See the Proof in The Explanation Section.

Let us observe that, in $Delta ABC and Delta BHC$ , we have,

$/_B=/_BHC=90^@, "common "/_C=" common "/_BCH, and, :.,$

$/_A=/_HBC rArr Delta ABC" is similar to "Delta BHC$

Accordingly, their corresponding sides are proportional.
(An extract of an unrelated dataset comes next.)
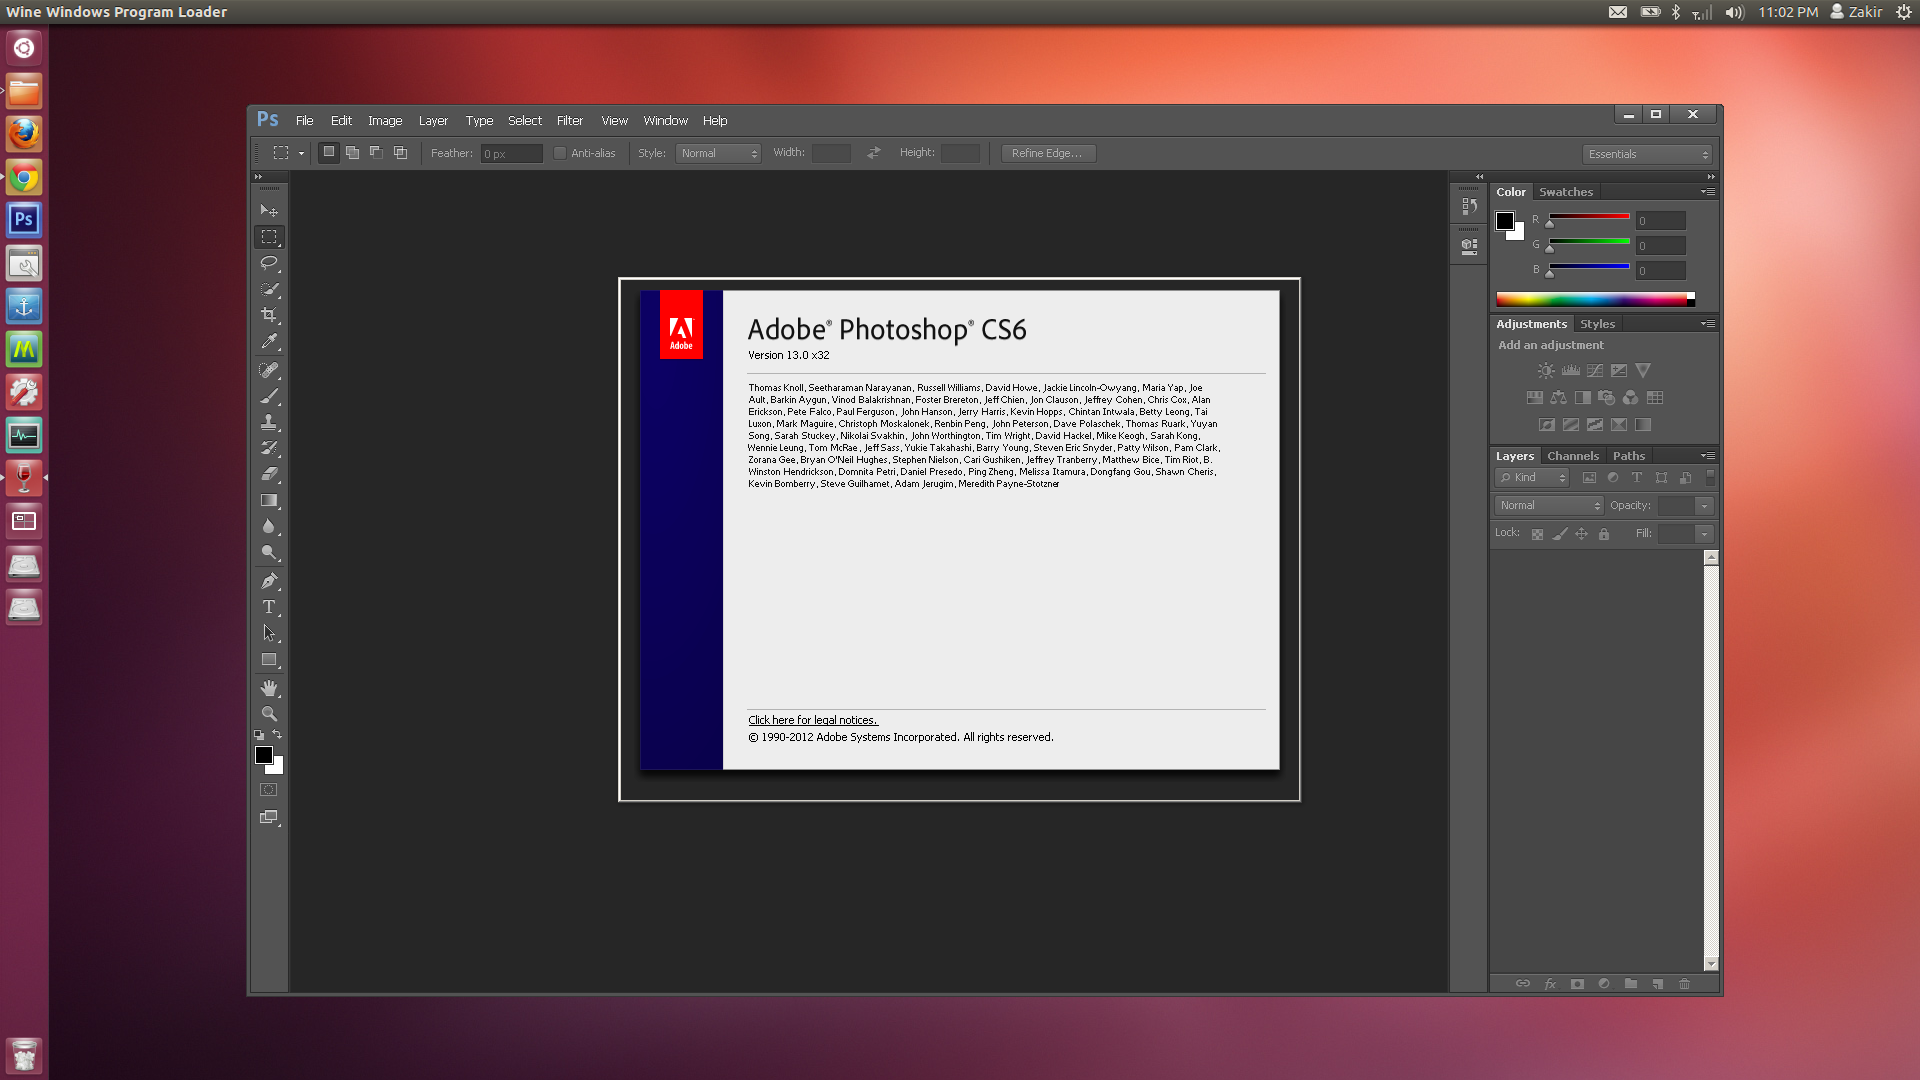 Ubuntu 124lts with photoshop cs6 by mbossg on deviantart ubuntu 124lts with photoshop cs6 by mbossg ccuart Choice Image
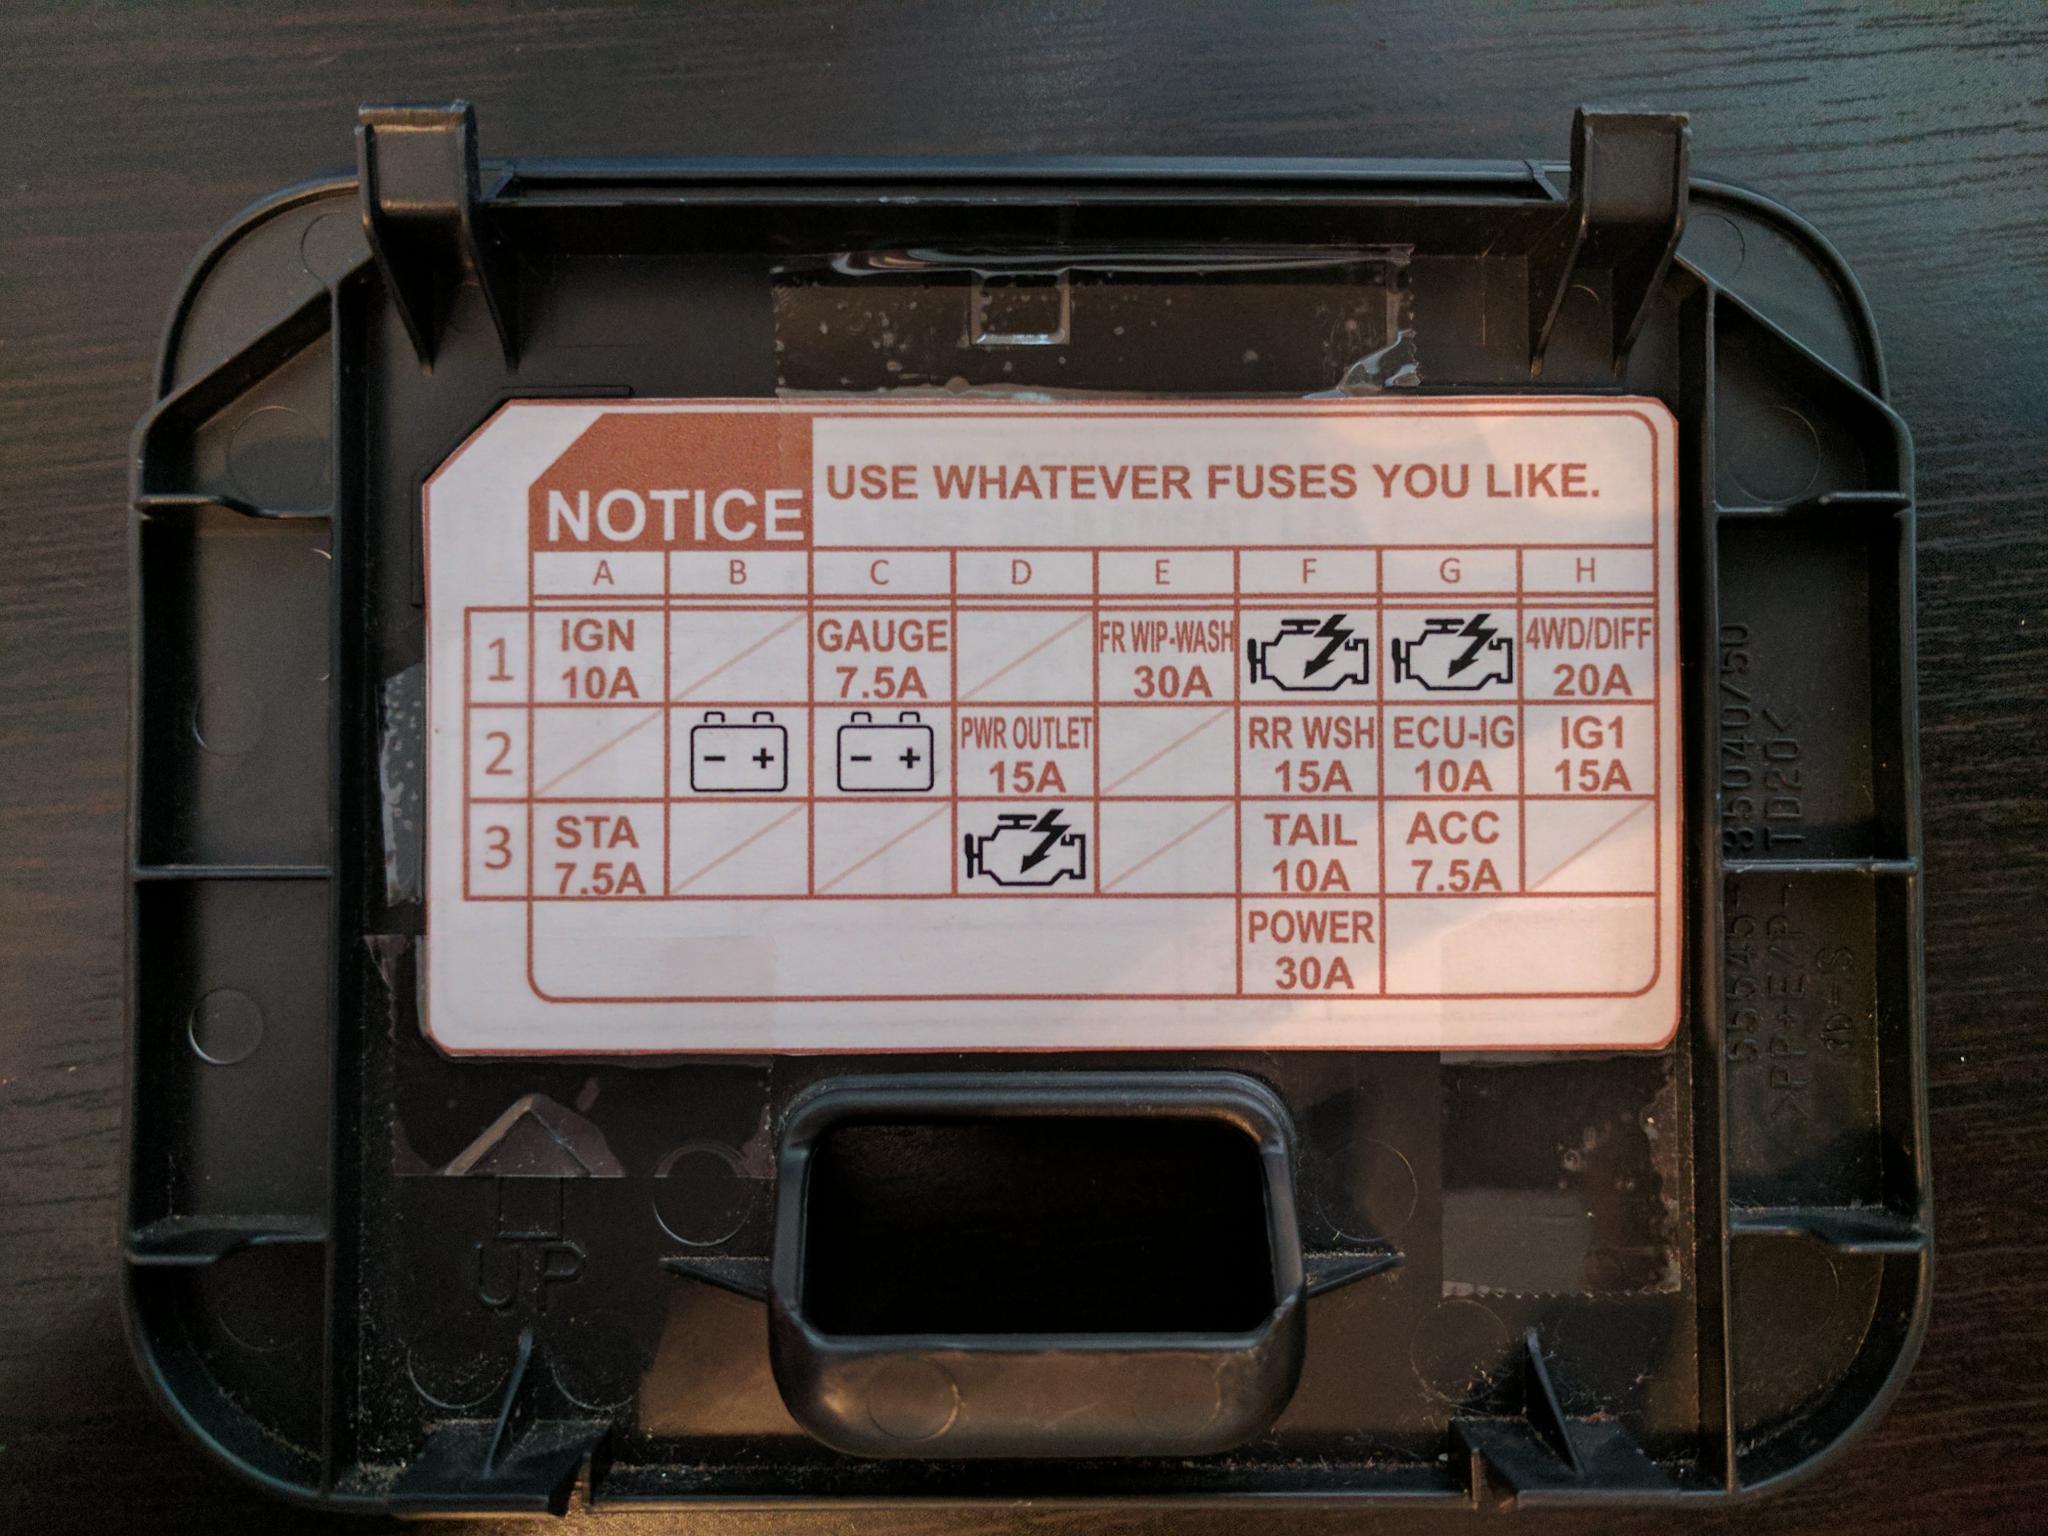 [SCHEMATICS_48YU]  Cabin Fuse Box Map | Toyota FJ Cruiser Forum | 2007 Toyota Fj Cruiser Fuse Box Diagram |  | Toyota FJ Cruiser Forum

$:. (AC)/(BC)=(AB)/(BH)=(BC)/(CH), i.e., (AC)/(BC)=(BC)/(CH)$

$rArr BC^2=AC*CH$

This proves $ET_1$ . The Proof of $ET'_1$ is similar.

To prove $ET_2$ , we show that $Delta AHB and Delta BHC$ are

similar.

In $Delta AHB, /_AHB=90^@ :. /_ABH+/_BAH=90^@......(1)$ .

Also, $/_ABC=90^@ rArr /_ABH+/_HBC=90^@.........(2)$ .

Comparing $(1) and (2), /_BAH=/_HBC................(3)$ .

Thus, in $Delta AHB and Delta BHC,$ we have,

$/_AHB=/_BHC=90^@, /_BAH=/_HBC.............[because, (3)]$

$rArr Delta AHB" is similar to "Delta BHC.$

$rArr (AB)/(BC)=(BH)/(CH)=(AH)/(BH)$

From the $2^(nd) and 3^(rd)" ratio, "BH^2=AH*CH$ .

This proves $ET_2$